Несмотря на все тревоги и волнения минувшего дня, с рассветом 6 ноября Павел был уже на ногах. Пройдя в спальню, он осведомился у докторов о течении болезни. Получив ответ, что надежды нет никакой, он распорядился призвать митрополита Гавриила с духовенством читать глухую проповедь и причастить императрицу Святых Тайн. Сам же прошел в смежный с опочивальней угловой кабинет, где Екатерина по утрам принимала доклады.

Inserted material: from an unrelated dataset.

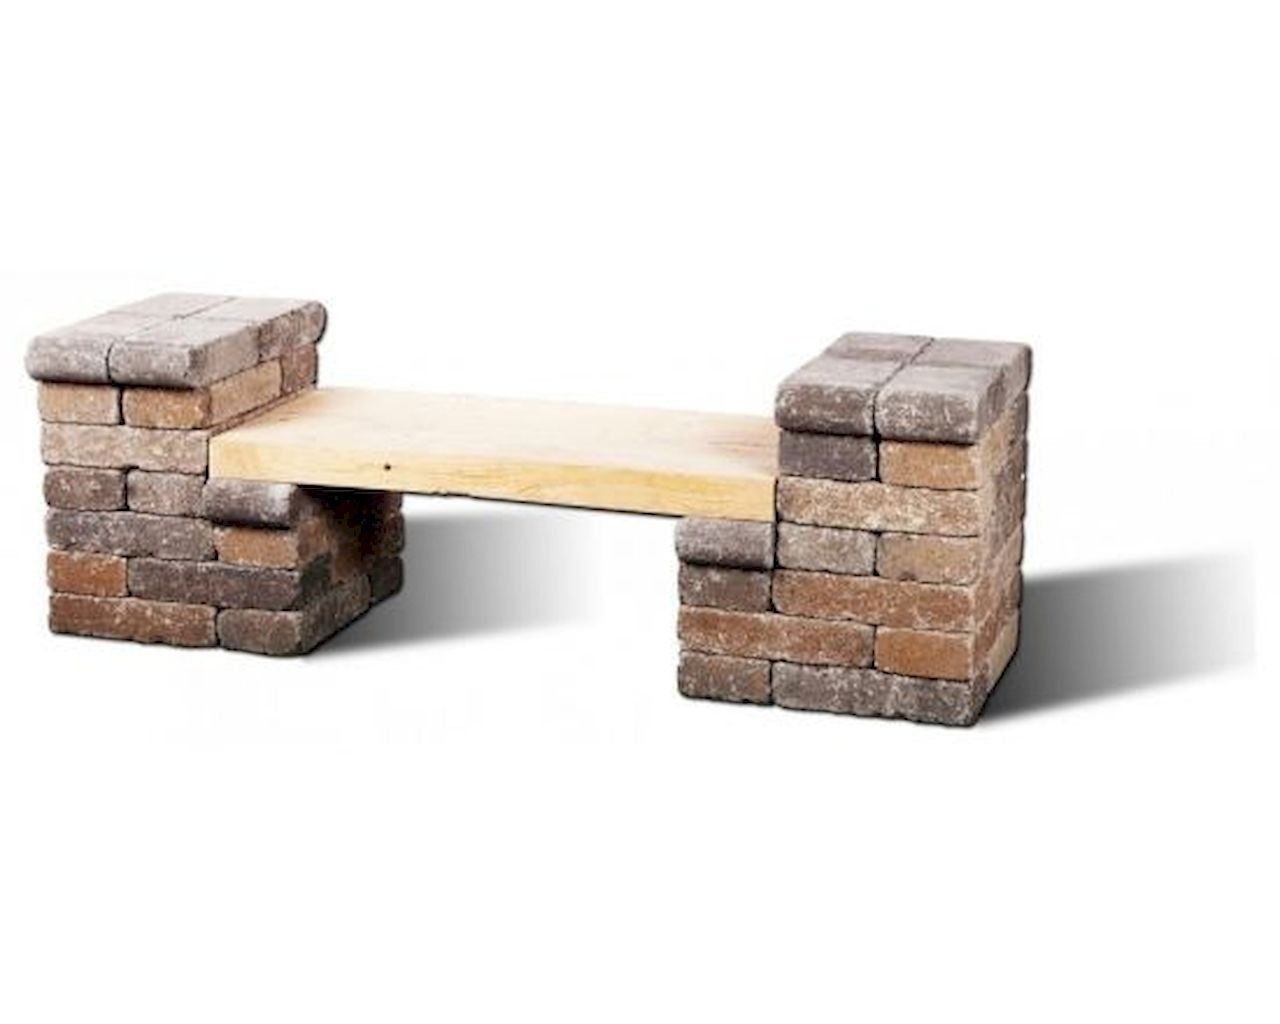 40 cheap diy outdoor bench design ideas for backyard 1

Когда из-за притворенных дверей соседней комнаты раздалось тихое пение, Павел почувствовал себя наконец самодержцем. В кабинет были немедленно призваны те, с кем он желал разговаривать.
Должность обер-гофмейстера, важная в свете предстоящих печальных хлопот, была поручена графу Николаю Петровичу Шереметеву, сменившему Барятинского, проведшего ночь под домашним арестом.
Ростопчину Павел сказал:
— Зная мой прямой характер, я хотел бы, чтобы ты сам сказал, кем ты при мне быть желаешь?
— Секретарем для принятия прошений.
— Э, брат, да какой же мне из этого интерес? — отвечал ему, немного подумав, Павел. — Просьбы и жалобы я могу принимать лично. Назначаю тебя генерал-адъютантом, но не так, чтобы гулять по дворцу с тростью, изволь теперь же принять на себя распоряжения по военной части.